▶
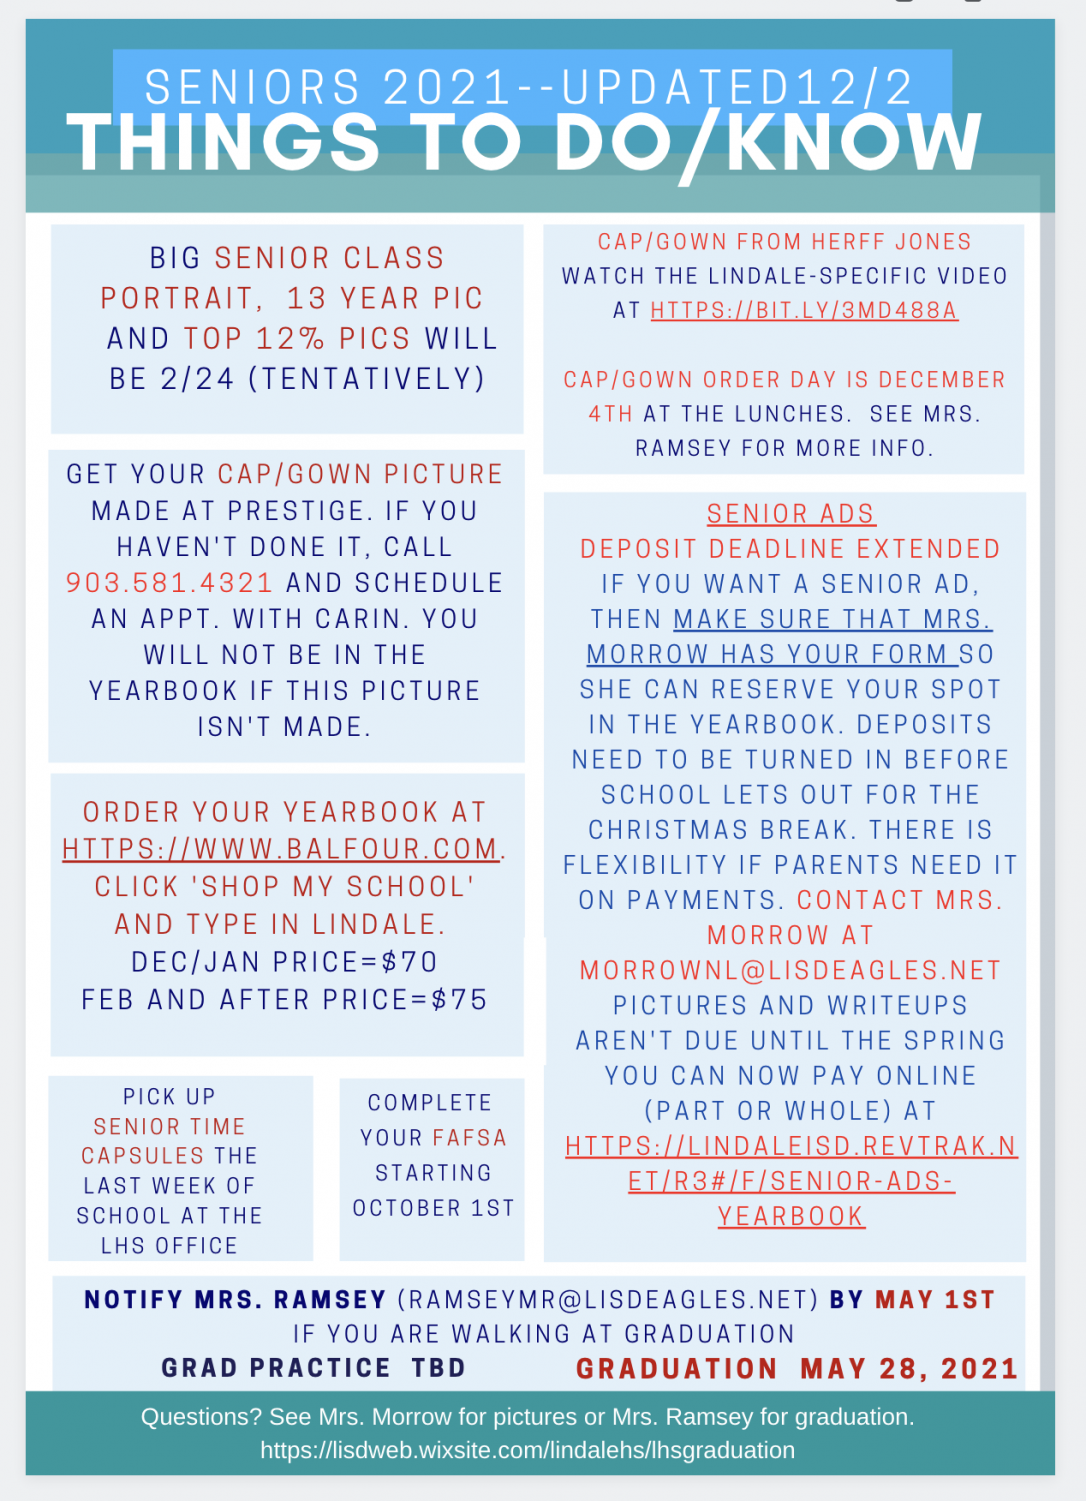 Updated Senior Things to To Do/Know Information as of 12/2/2020
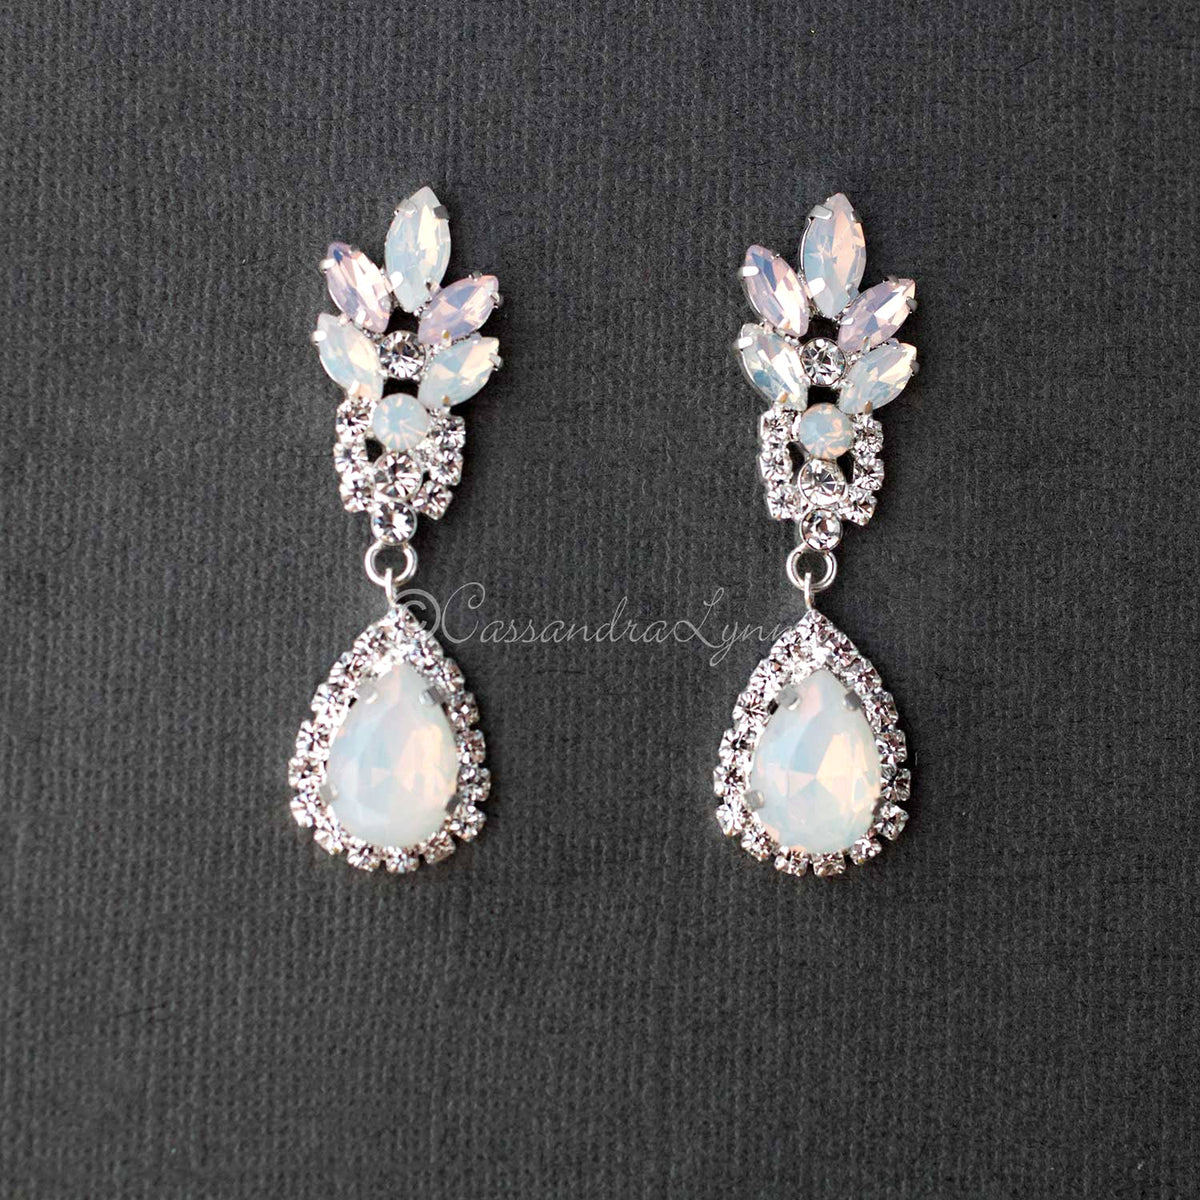 White and Pink Opal Crystal Earrings - Cassandra Lynne
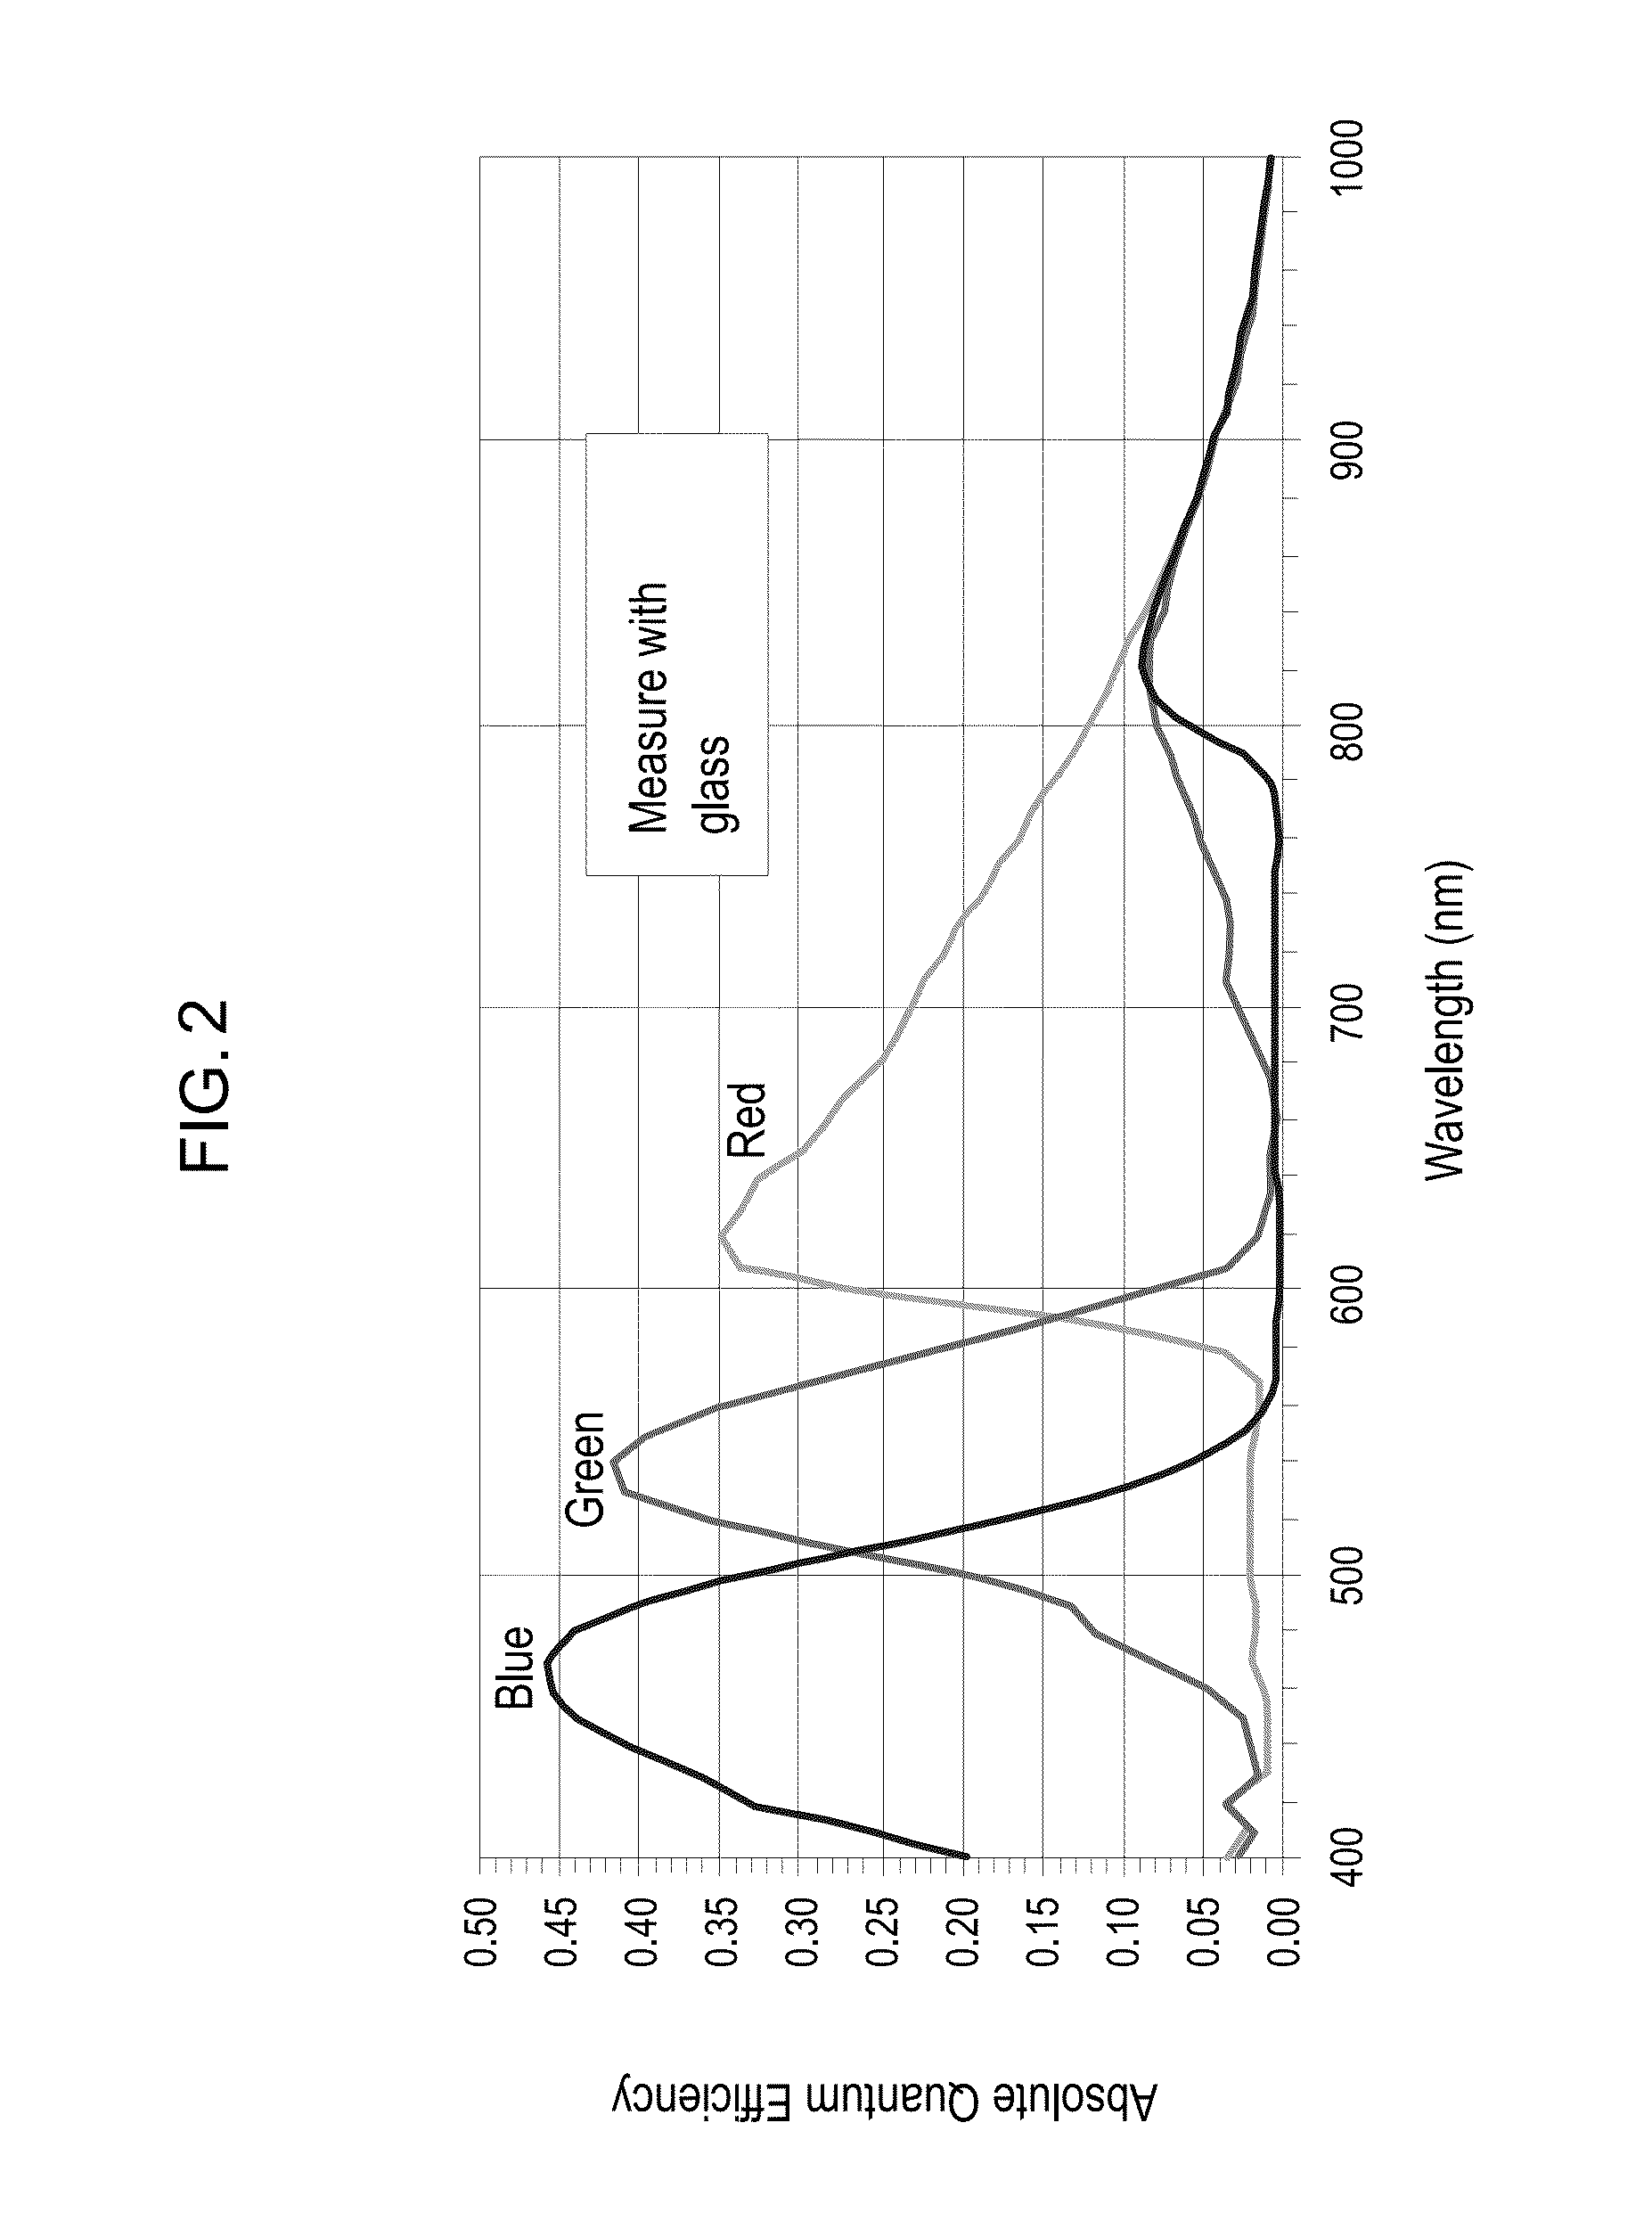 Systems and methods for recording simultaneously visible light image and infrared light image from fluorophores
◀
PROMPT
Leave the images aside and retype each line of the listing above exactly.

RESPONSE TO THE EXERCISE
 Updated Senior Things to To Do/Know Information as of 12/2/2020
 White and Pink Opal Crystal Earrings - Cassandra Lynne
 Systems and methods for recording simultaneously visible light image and infrared light image from fluorophores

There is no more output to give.